_Work item_:
All the data should be repeated exactly. Any image in it is left out.

_Data below_:

# # # # #

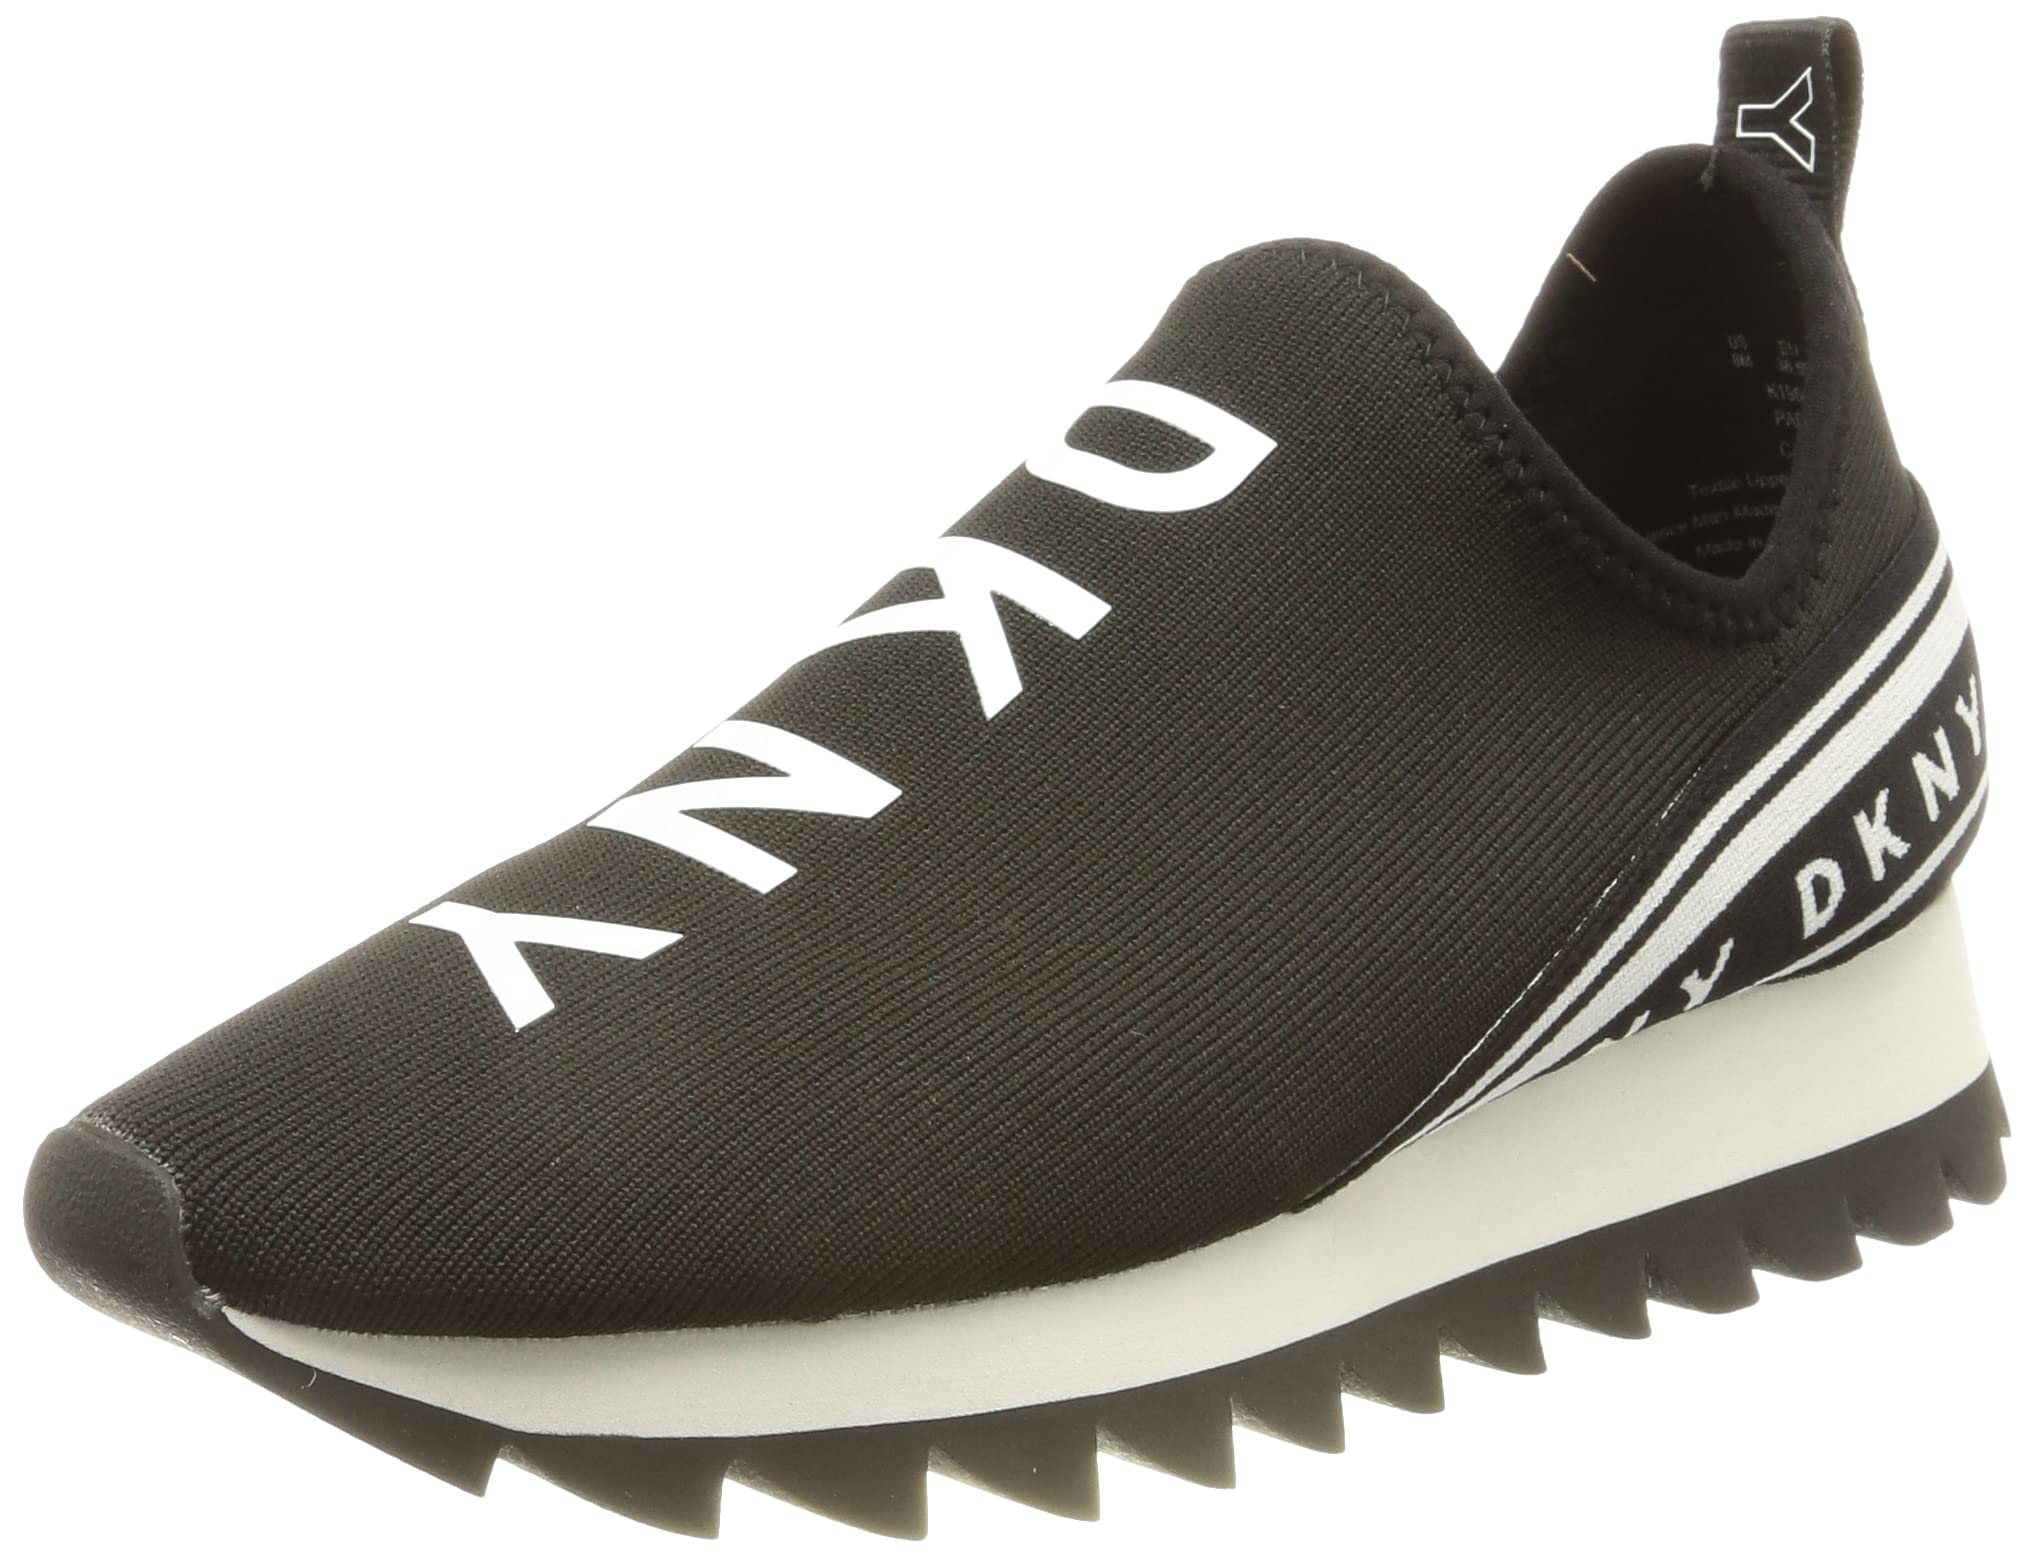 DKNY Women's Footwear ABBI - SLIP ON SNEAKER,BLACK, 8
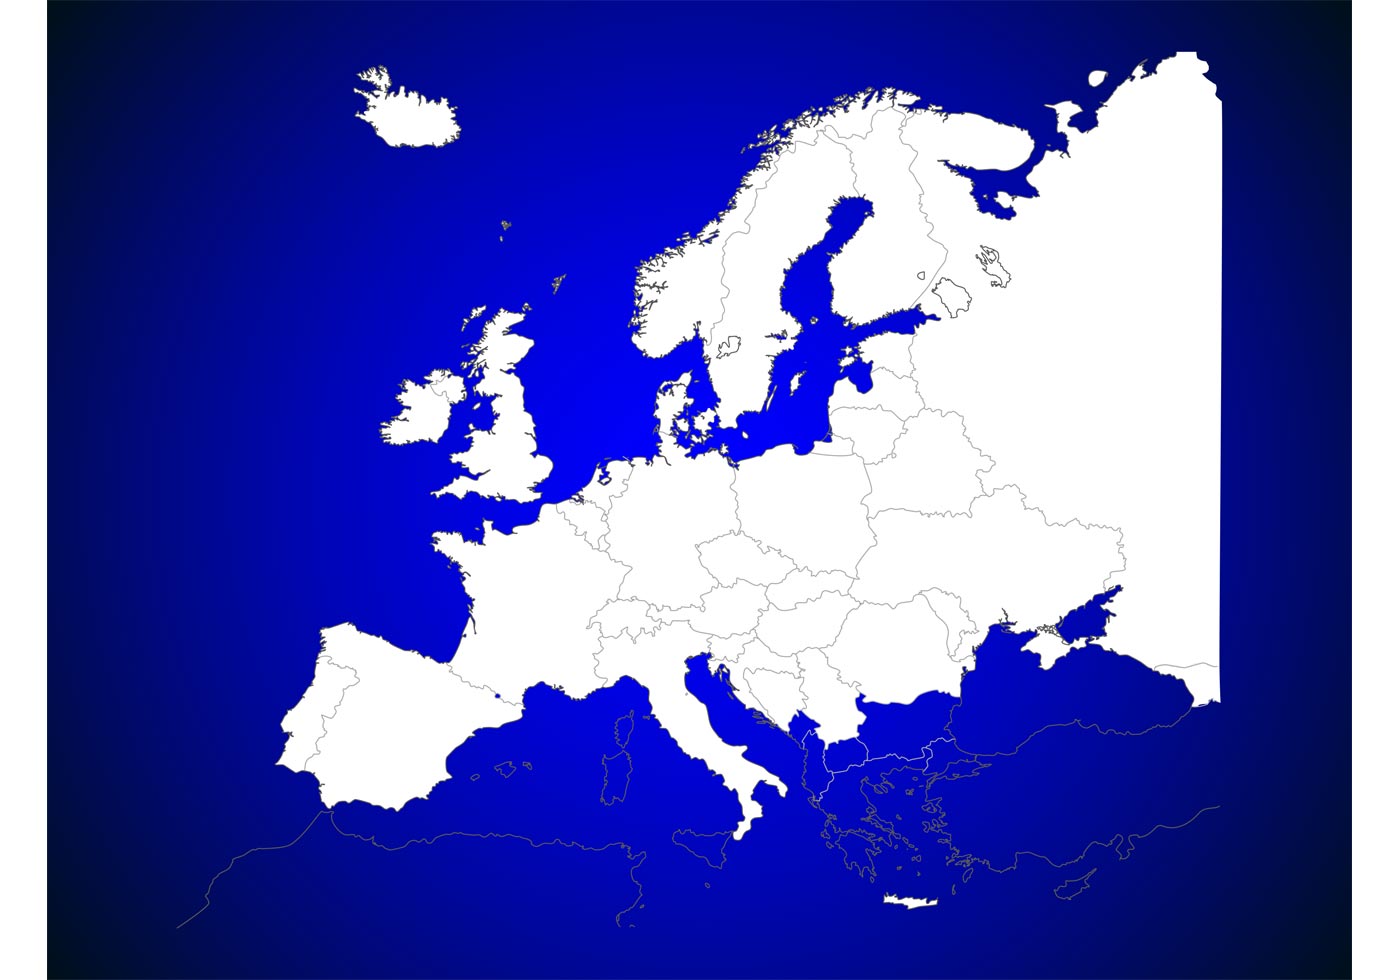 Eu u. Карта - Европа. Векторная карта Европы. Территория Европы. Карта Европы вектор.
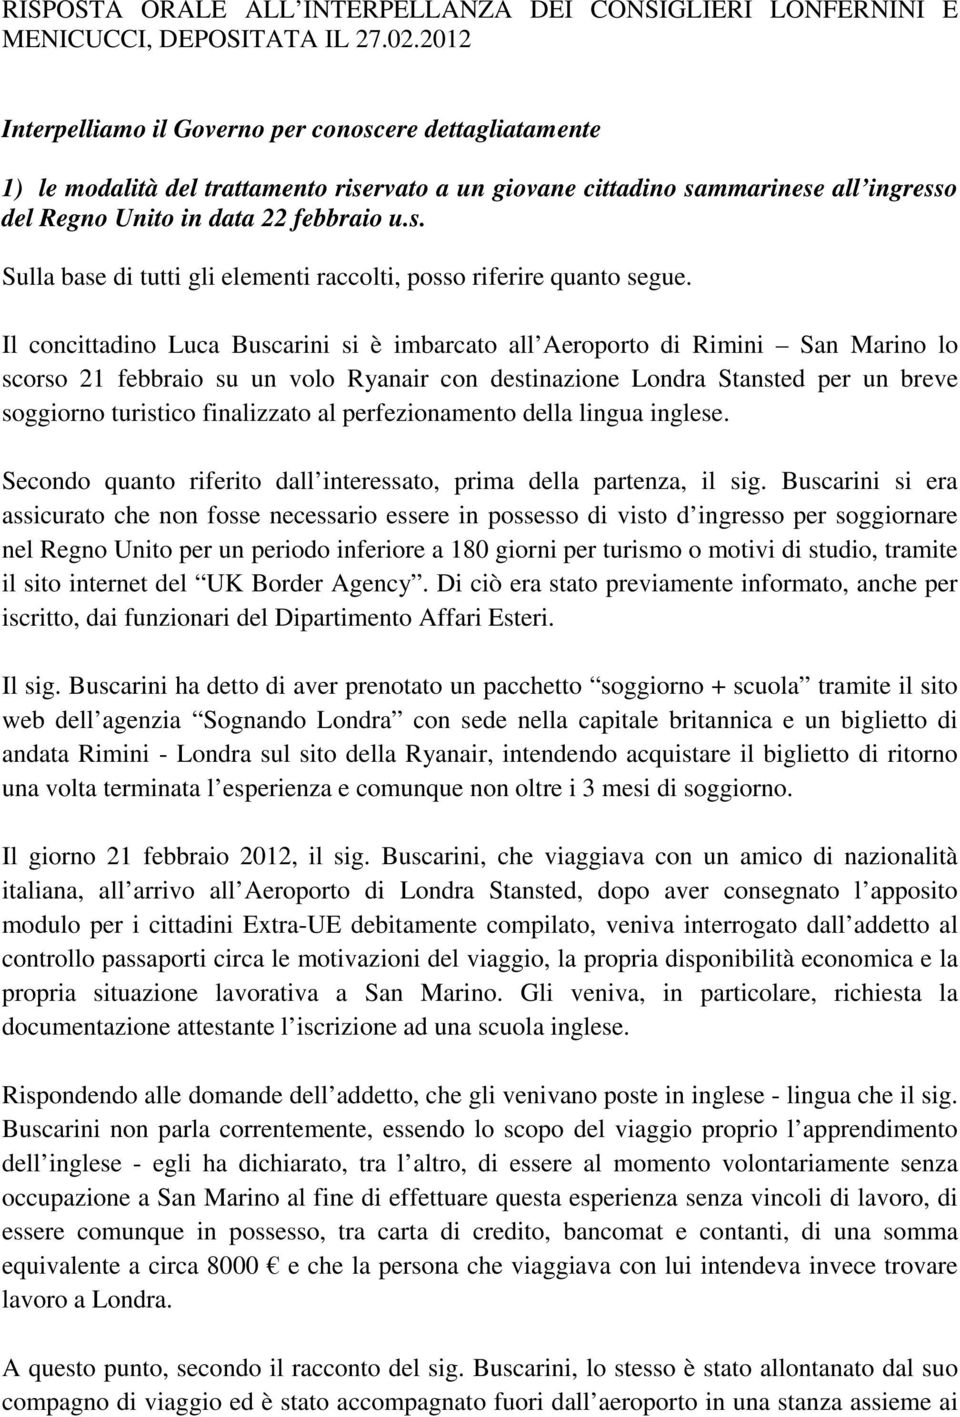 Il concittadino Luca Buscarini si è imbarcato all Aeroporto di Rimini San Marino lo scorso 21 febbraio su un volo Ryanair con destinazione Londra Stansted per un breve soggiorno turistico finalizzato
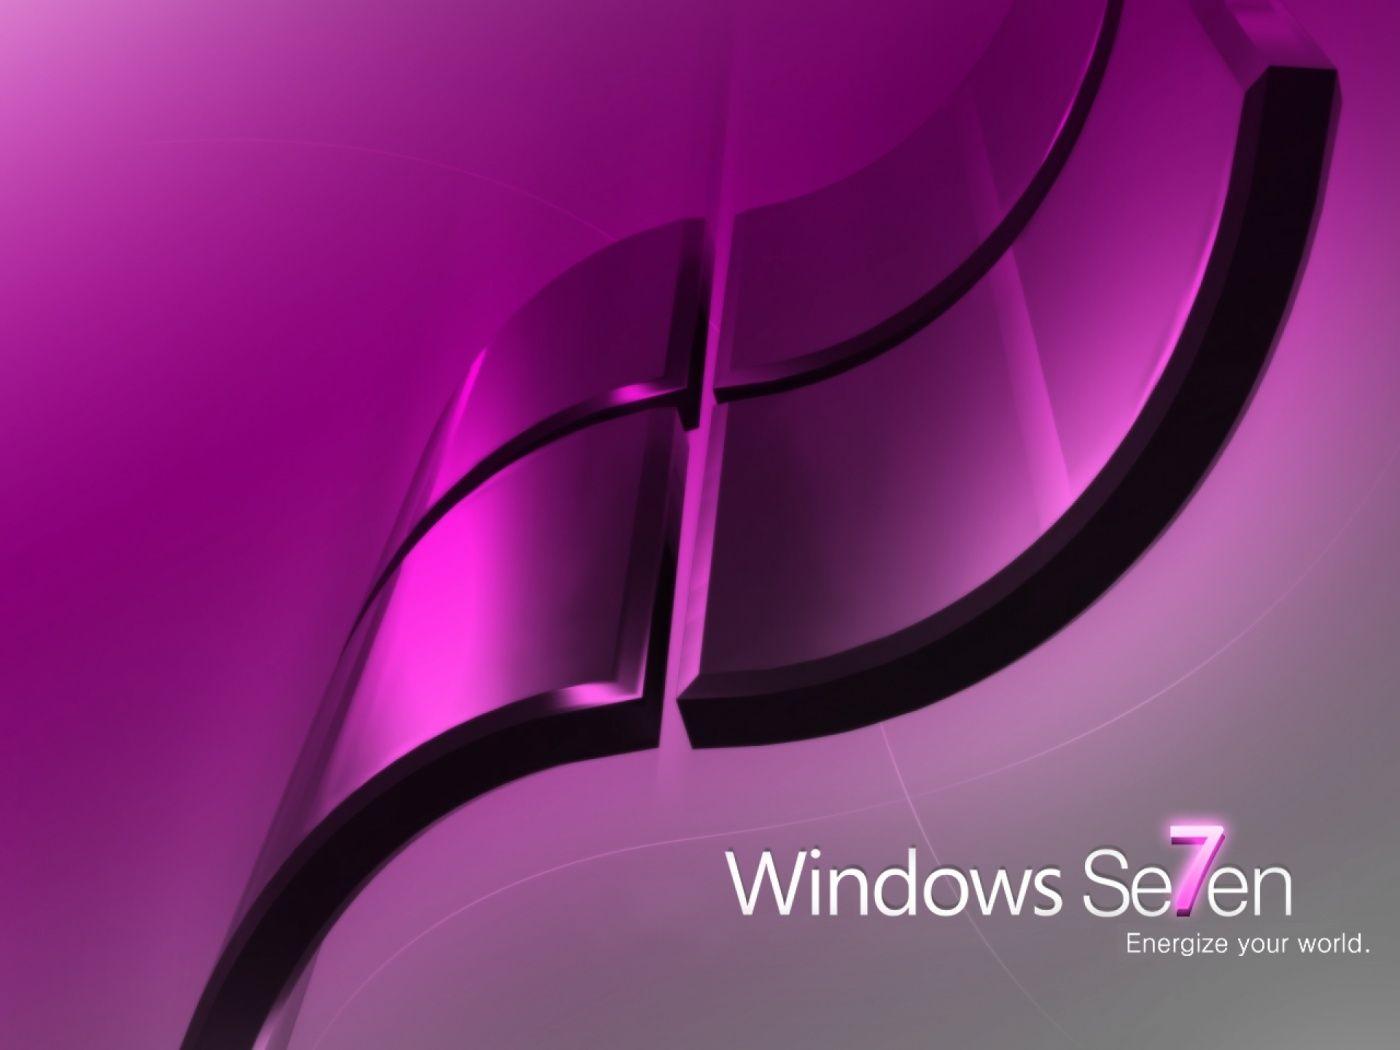 Bạn muốn sở hữu một hình nền Windows 7 màu hồng đẹp nhất, để làm nổi bật màn hình máy tính của mình? Vậy thì đừng bỏ lỡ những tuyệt phẩm đầy ấn tượng và tinh tế tại đây!

# # # # #

_Answer area_:
 DKNY Women's Footwear ABBI - SLIP ON SNEAKER,BLACK, 8
 Eu u. Карта - Европа. Векторная карта Европы. Территория Европы. Карта Европы вектор.
 Il concittadino Luca Buscarini si è imbarcato all Aeroporto di Rimini San Marino lo scorso 21 febbraio su un volo Ryanair con destinazione Londra Stansted per un breve soggiorno turistico finalizzato
 Bạn muốn sở hữu một hình nền Windows 7 màu hồng đẹp nhất, để làm nổi bật màn hình máy tính của mình? Vậy thì đừng bỏ lỡ những tuyệt phẩm đầy ấn tượng và tinh tế tại đây!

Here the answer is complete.